Валентина Георгиевна, мягко кивнула на моё "Доброе утро", открыла ключом аудиторию и жестом пригласила меня проходить, пока сама замешкалась, выдергивая непослушный ключ из старого заржавелого замка. - Проходите, Елена Владимировна. Доставайте зачетку и ручку, почти неслышно прошуршала она. Голос Валентины Георгиевны был очень своеобразным. На факультет её звали "шуршалка", потому что она разговаривала очень тихо через почти закрытые губ так, что каждое новое слово становилось результатом странного акустического явления. Как-будто её сомкнутые губы резонировали звук или она прожевывала слова с полностью расслабленными мышцами лица. "Шуршалка" в общем, это нужно было слышать.
- И так, Елена Владимировна, - преподавательница выложила из своего большого портфеля какие-то тетради, ручки, стопку бумаг, мой взгляд выхватил одну нужную из всей стопки - "зачетную ведомость", - Что вы приготовили?
- Всё, - замялась я, - По списку вопросов, всё, Валентина Георгиевна. Я прямо посмотрела в серые усталые глаза, стараясь придать своему убогому после бессонной ночи виду уверенности. Валентина Георгиевна, глубоко вздохнула и откинулась на спинку неудобного деревянного стула. Они в университете все неудобные, чтоб "служба мёдом не казалось" и даже если очень замученному учебой и просто жизнью студенту очень хочется спать - на таких стульях не уснуть. Валентина Георгиевна смотрела куда-то в сторону, на стену, покрашенную изуверской лазурной краской. Иногда глубоко вздыхала.
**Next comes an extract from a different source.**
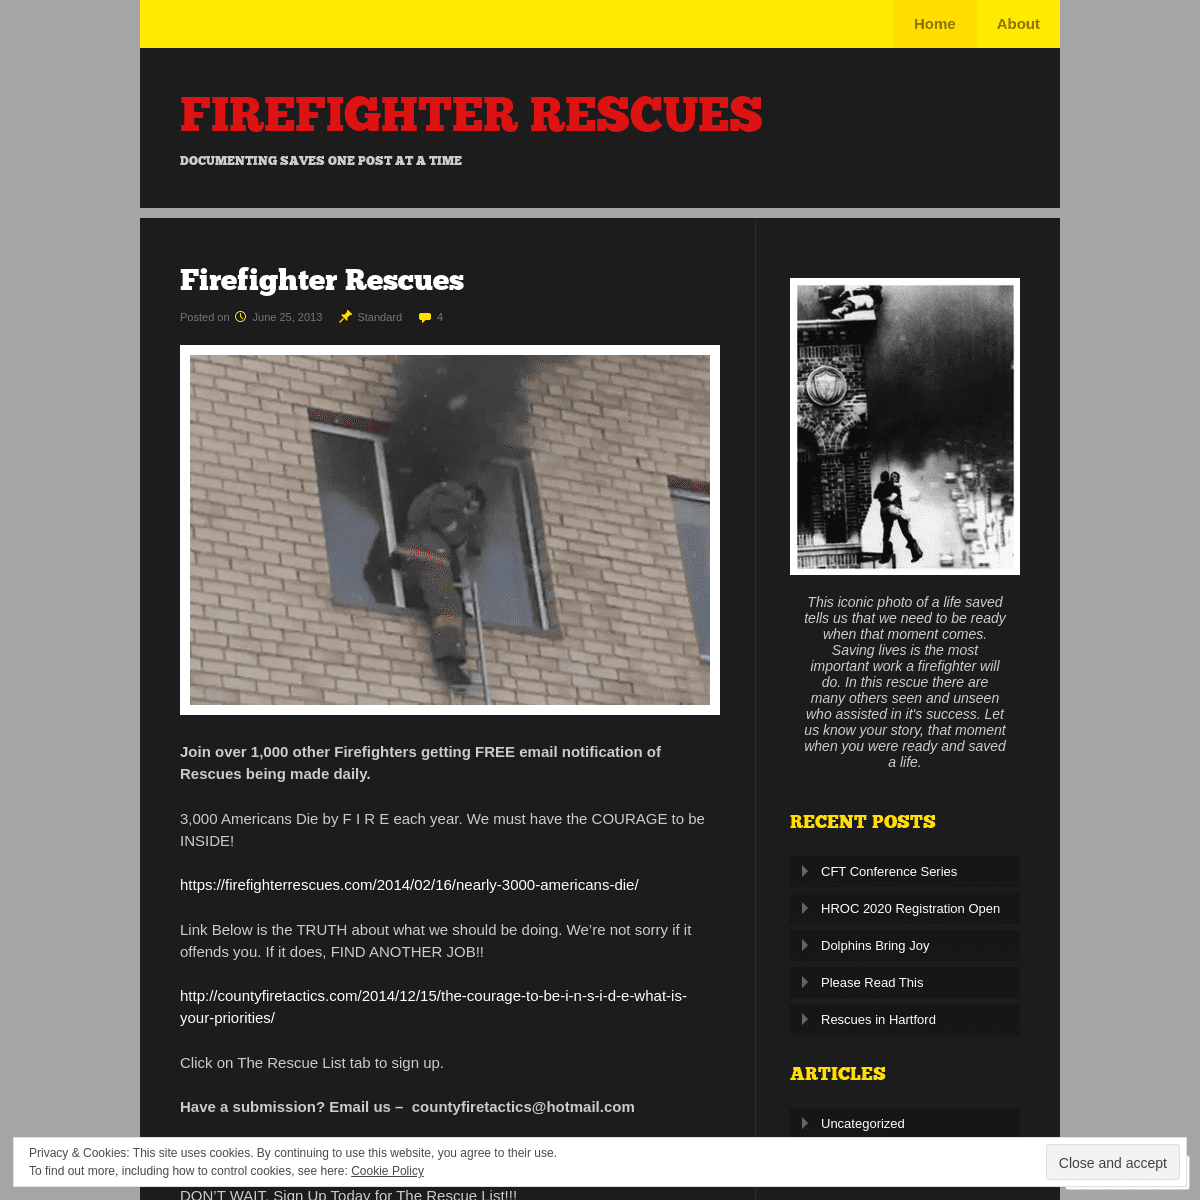 A complete backup of firefighterrescues.com

- Лена, - начала она своим спокойным тоном специалиста в узкой сфере, - Я не сомневаюсь, что вы ответственно подготовились. Но, сейчас не об этом..., - она перевела взгляд на меня. Я бы тоже не смогла долго смотреть на это бирюзовое убожество. - Мой предмет очень важен для меня, как вы уже, наверное, поняли. Я вся в нём. Из своей работа я черпаю жизненные силы в каком-то смысле, - она тяжело втянула в легкие воздух, перебирая в руках ручку, - Я никого не заставляю разделять моё увлечение, но элементарное уважение к интересам других людей, к их работе и их выбору - вам следует этому учиться. Валентина Георгиевна смотрела на меня почти с состраданием.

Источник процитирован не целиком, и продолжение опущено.